Switch expressions -- gathering the threads

Mon Apr 9 19:14:47 UTC 2018

There's been some active discussion on "Is this the switch expression 
construct we're looking for" over on amber-dev.  Its a good time to take 
stock of where we are, and identifying any loose ends.

## Approach

Our approach is driven not merely by the desire to have an expression 
form of switch, but to make switch more generally useful as a multi-way 
conditional construct.  The biggest driver here of course is making it 
work well with pattern matching. Pattern matching is a driver for better 
handling of nulls and primitives (though these are also useful on their 
own); additionally, the more useful we make switch, the more obvious the 
cumbersomeness of its statement-orientation becomes.  Pattern matching 
also pushes hard on the somewhat unfortunate scoping behavior; a 
straightforward interpretation of existing scoping of locals in switch 
would not be very good for pattern bindings.

At first, given all the constraints of existing switches, we thought it 
unlikely that we'd be able to get away with teaching switch some new 
tricks, and would have to create a new construct (say, "match").  Bit by 
bit, though, we were able to chip away at the accidental complexity of 
the { constants, patterns } x { statement, expression } space, to the 
point where it seemed practical to unify the construct.

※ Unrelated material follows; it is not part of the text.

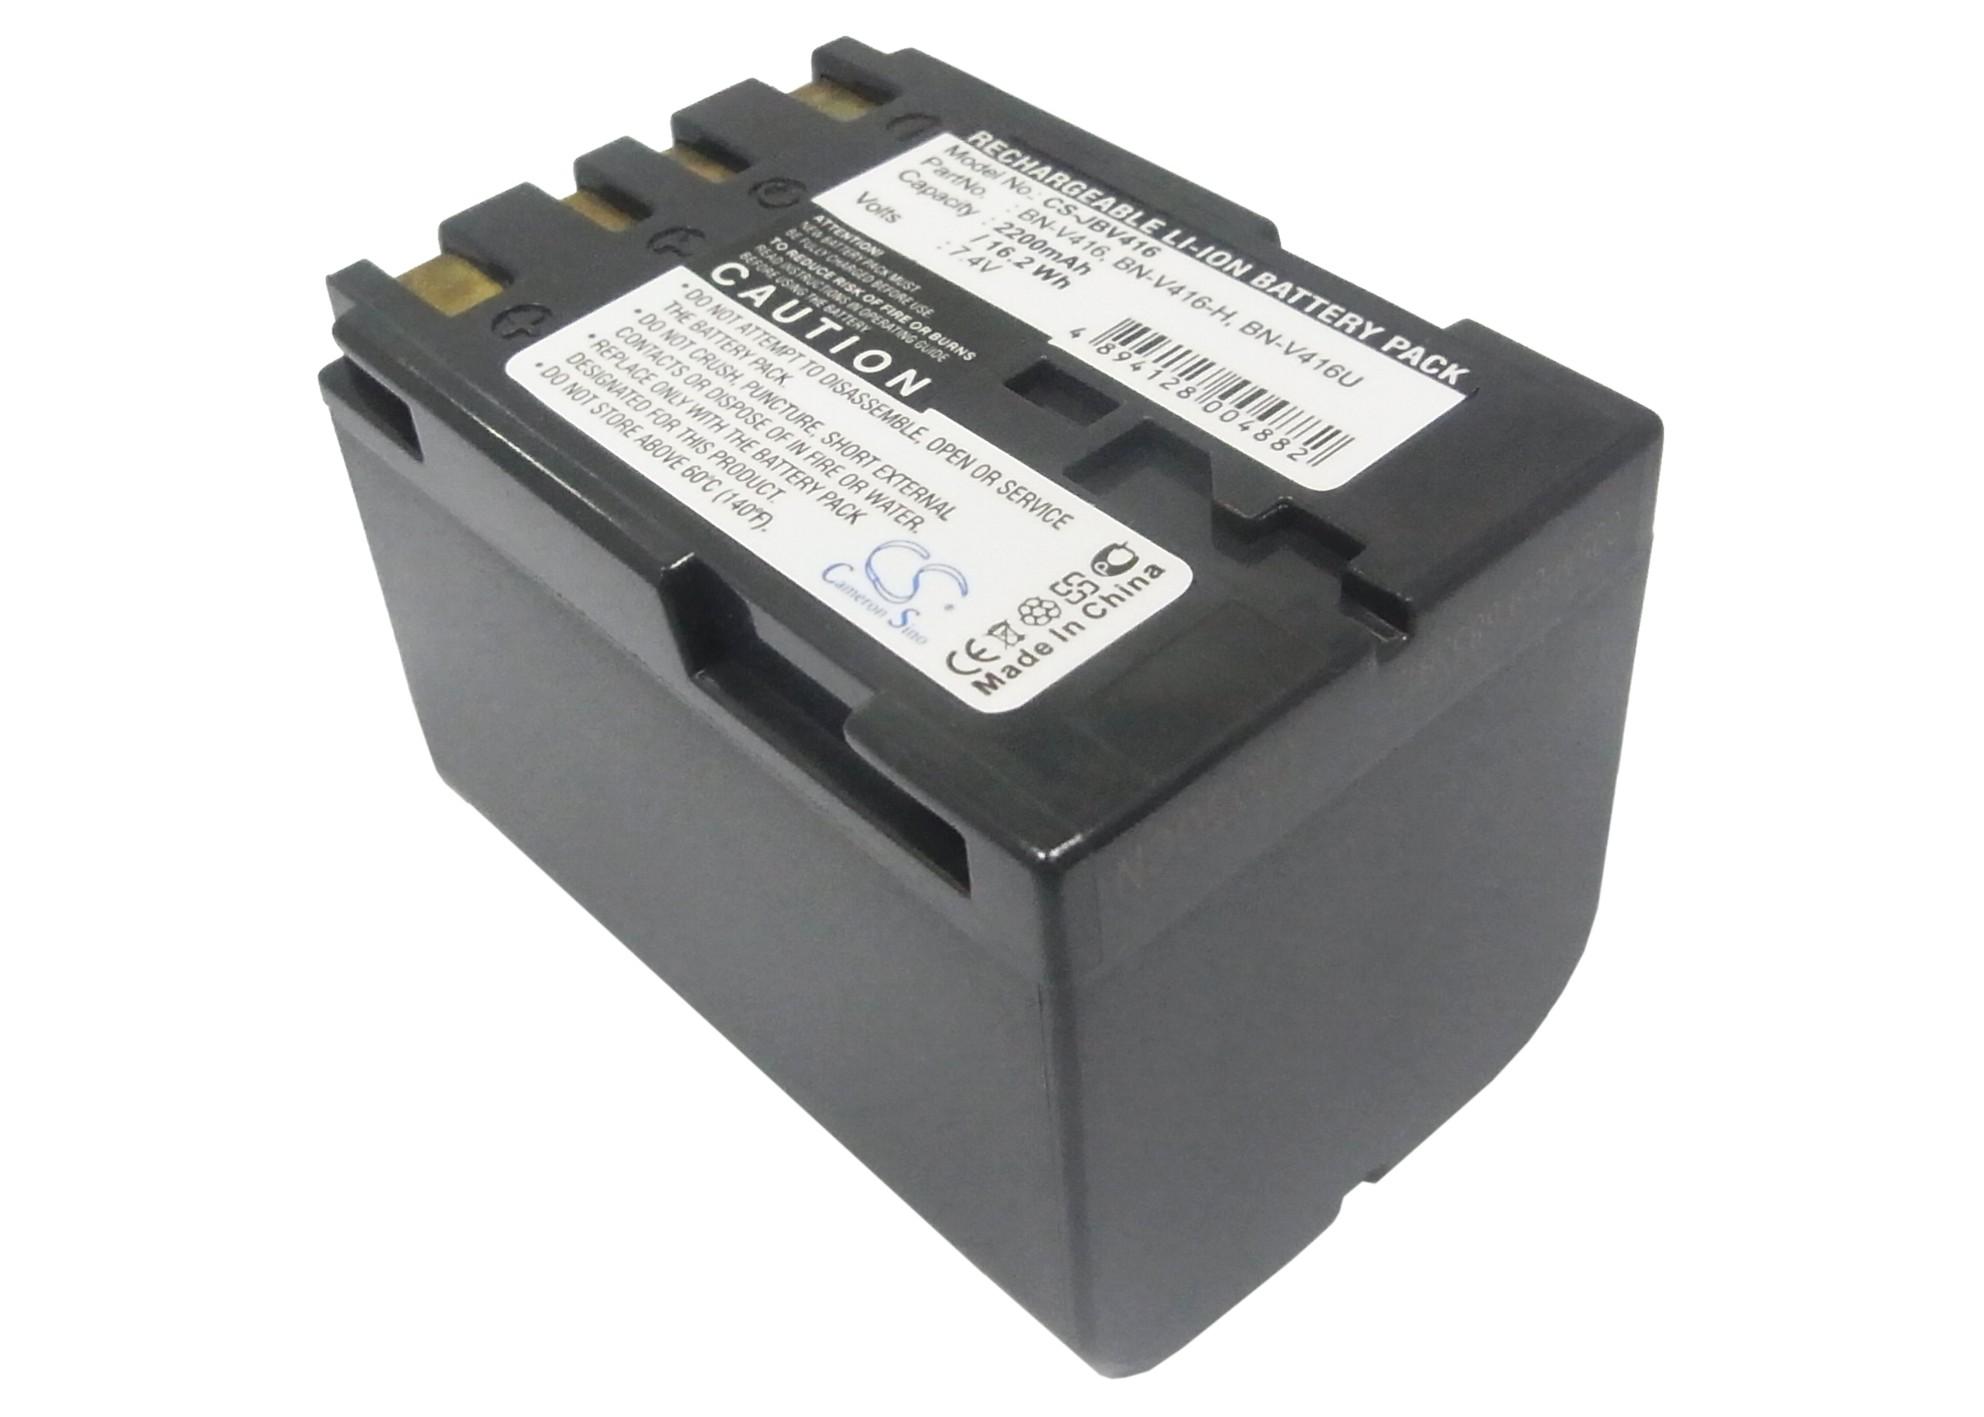 Cameron Sino baterie do kamer a fotoaparátů pro JVC GR-D73 7.4V Li-ion 2200mAh tmavě šedá - neoriginální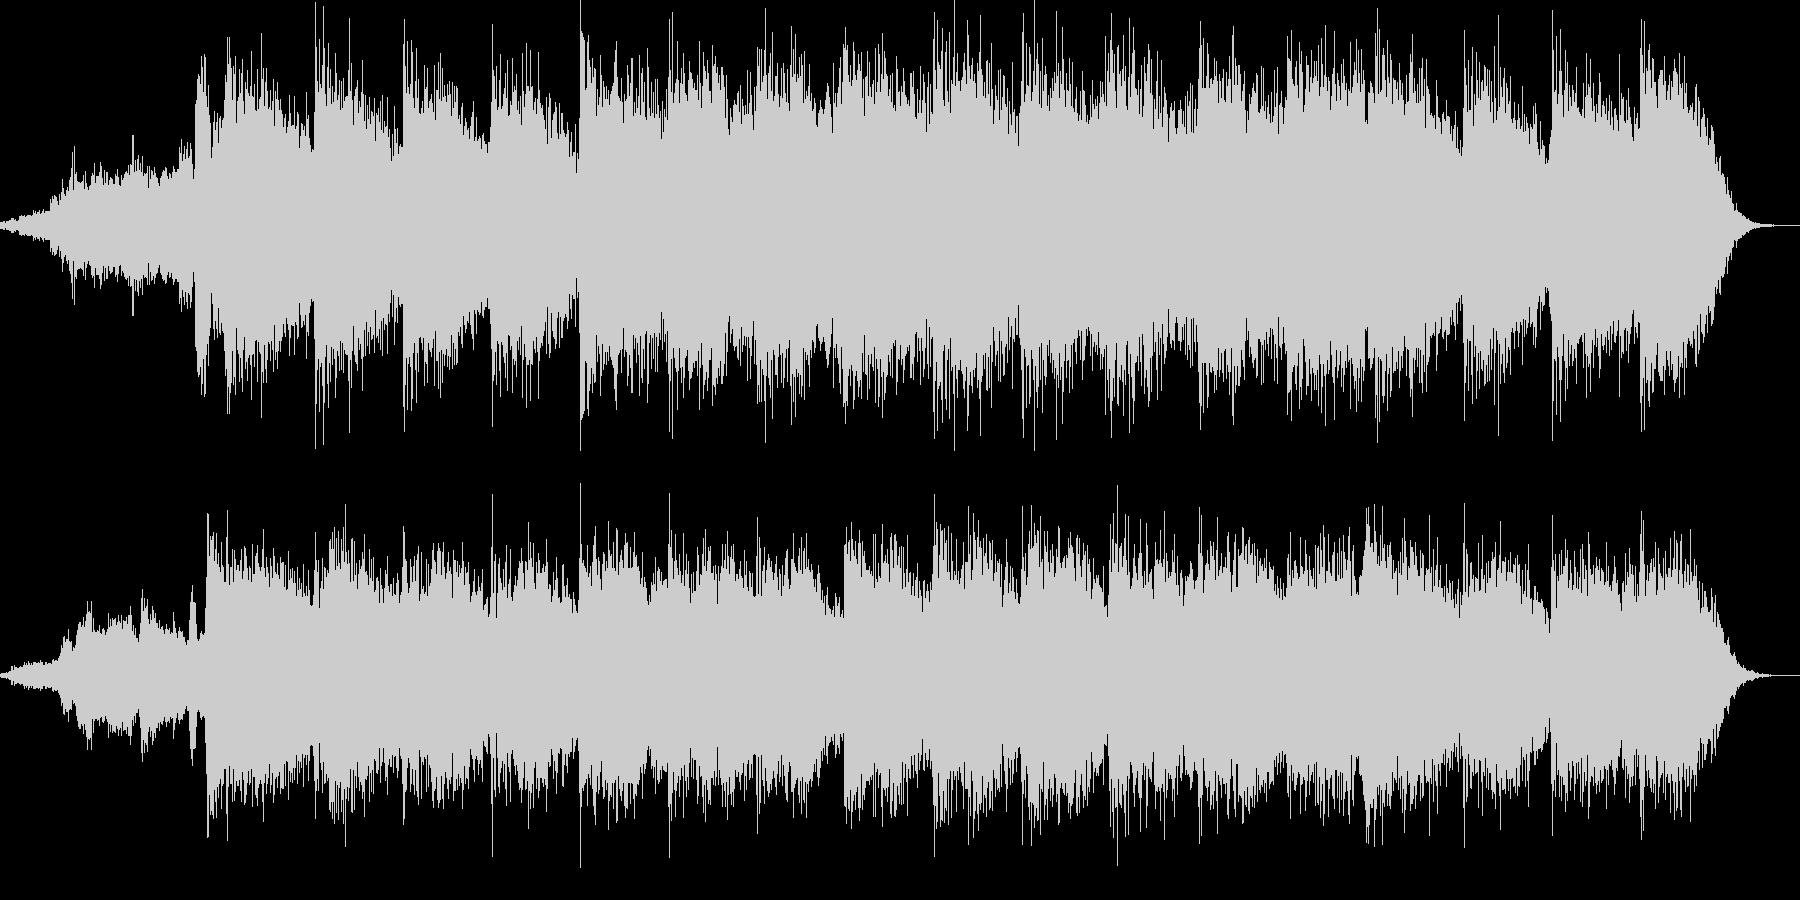 心の中のダークな本音を見透かすイメージの未再生の波形

Having a single construct has pros and cons. On the other hand, entities 
should not be multipled without necessity; on the other, a 
one-size-fits-all construct might exhibit schizoid behavior.  And the 
switch statement probably has more unusual (some would say 
objectionable) behaviors than any other Java construct, putting us in 
tension between compatibility and perceived complexity.

## Current proposal

The current proposal starts with existing statement switch, extending 
`break` to support a value, and requiring that the value-ness of the 
break match the value-ness of the switch (just as return must with 
methods or lambdas).  We also slightly adjust the rules regarding 
nonlocal control flow _through_ a switch switch.  Because expression 
switches are expressions, they must be total.  For expression switches 
over enums and sealed types, we have the option to infer a throwing 
default when all sealed members are provided.

We then offer a shorthand form for case labels in expression switches, that:

     case P -> e;

is shorthand for

     case P: break e;

This leaves the following differences between expression switches and 
statement switches:
  - Expression switches are required to be exhaustive; statement 
switches cannot be required to be exhaustive.
  - Expression switches permit the `->` shorthand form.
  - Expression switches may restrict fallthrough in some way, or may 
not, TBD.
  - You can `return` and `continue` out of a statement switch, but not 
out of an expression switch (like lambdas.)
  - You cannot `break` or `continue` _through_ an expression switch 
(like lambdas and conditionals.)

And leaves some open issues for discussion:

  - We have some options as to whether to restrict fallthrough in 
expression switches, and also whether to restrict fallthrough into 
patterns.
  - We have the option to try and give the `->` form some meaning in 
statement switches.

## Commentary

The concerns raised so far mostly revolve around potential confusion.  
Because the two forms are mostly alike, but have subtle differences, the 
fear is this will lead to confusion. Various schemes have been suggested 
to make them look more different, or to make them behave more different, 
to make it more clear where the lines are.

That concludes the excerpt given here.